Lagos Appeal Court frees 3 death roll inmates
(Nigeria) Three death roll inmates, Kingsley Akhabue, Ismail Fatoki
and Fabian Mathew, convicted and sentenced to death on March 29, 2011 by the
Lagos High Court, have regained their freedom, after being discharged and
acquitted by the Court of Appeal sitting in Lagos.
The case for which they were convicted and sentenced to
death was that they conspired to rob, and did rob the complainant on March 22, 2008 while armed with offensive
weapons.
It was alleged that the said robbery took place at the Egan
area of Lagos. At the end of the trial in 2011, the trial court found them
guilty and sentenced them to death.
Following the appeal against their conviction and sentence,
filed by Legal Defence and Assistance Project, LEDAP, a panel of Justices
presided by Justice Joseph Ikyegh of the
Court of Appeal, Lagos, unanimously allowed the appeal of the three appellants
and set aside their conviction and sentence to death in a landmark judgment.

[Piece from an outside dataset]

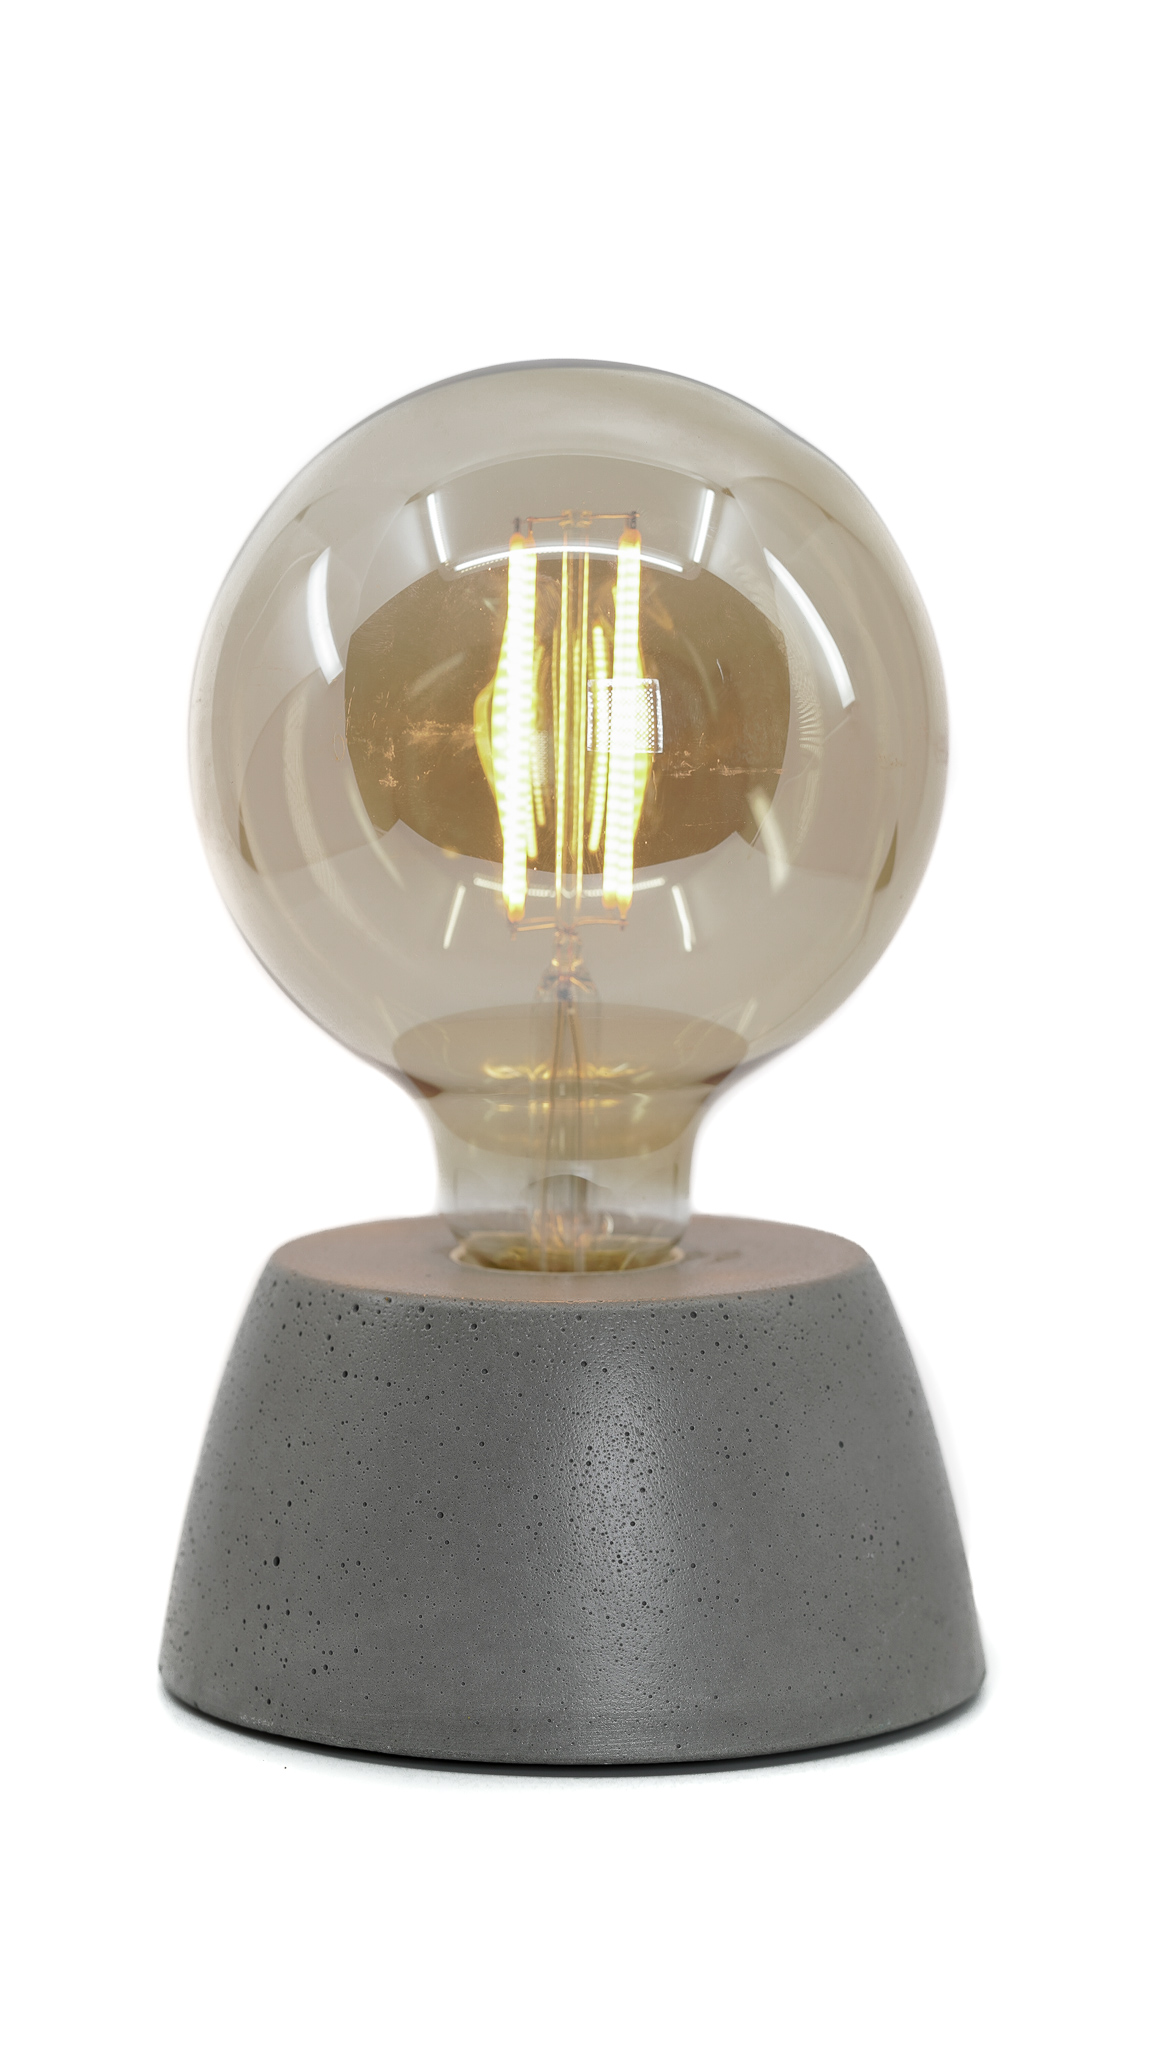 Lampe dôme en béton gris fabrication artisanale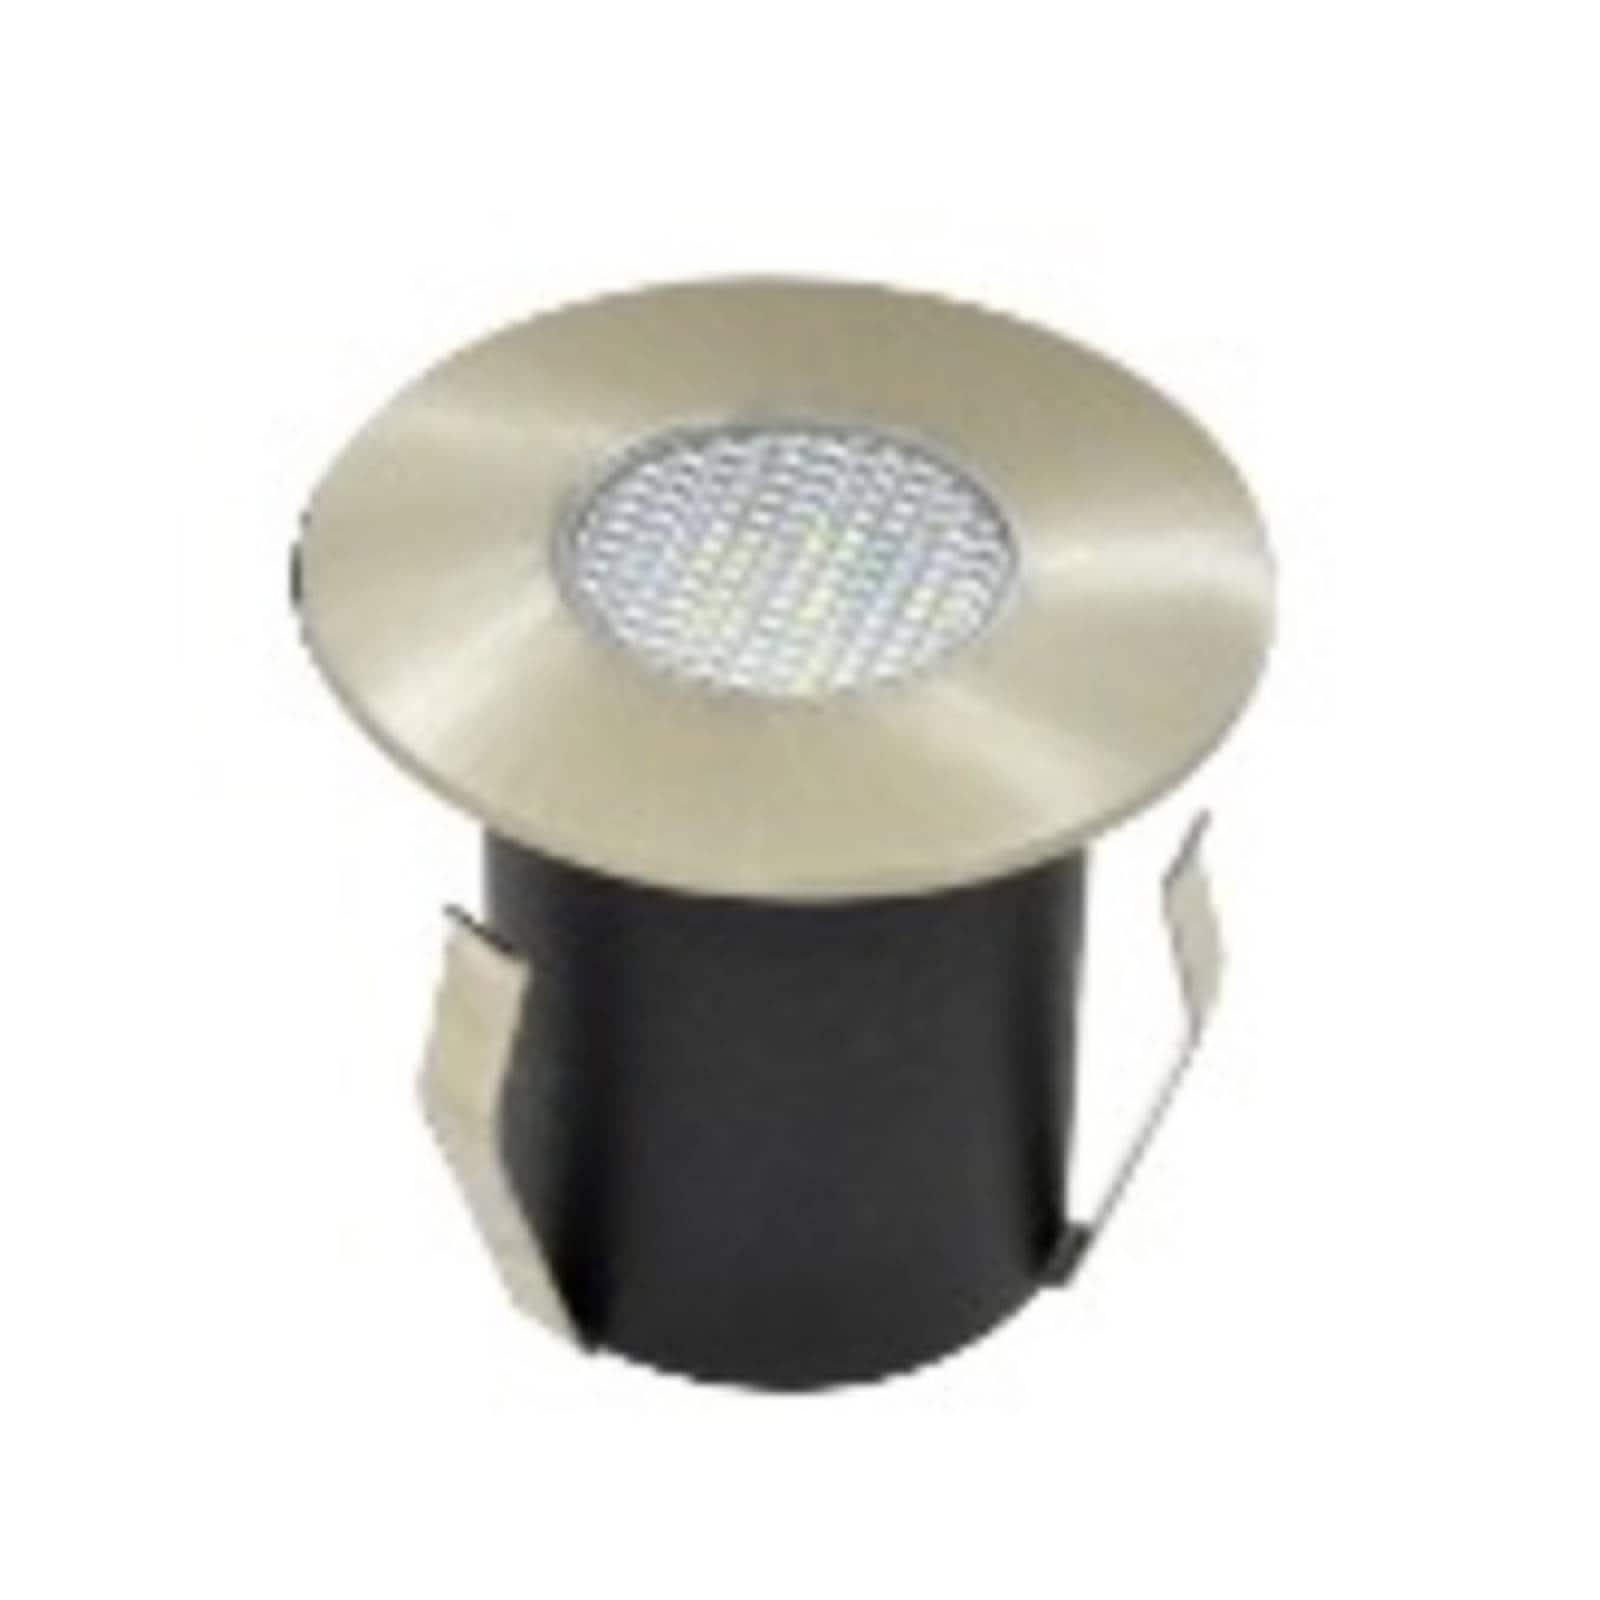 Lámpara Luminario Led Empotrado Piso Ad-5711 1W Azul Adir

In the judgment, the appellate court resolved all the issues raised at the
appeal in favour of Kingsley Akhabue, Ismaila Fatoki and Fabian Mathew, the appellants
in the appeal.
In the end, the court particularly found that “The evidence
of the respondent at the court below did not link the appellant with the
commission of the offences charged.”
According to their lawyer, Chino Obiagwu; “This is another
opportunity to re-iterate our calls for an in-depth re-evaluation and urgent
overhauling of our Criminal Justice System, especially as it relates to the use
of capital punishment. We cannot continue to be sentencing innocent persons to
death, only for the Appeal Court to upturn the judgment after a decade or more
when the appellant must have served unlawful sentence and deprivation of his
personal liberty in the prison.”
He called on the Nigeria government to reconsider its stand
on the use of capital punishment by abolishing the use of death penalty and
replacing same with life imprisonment.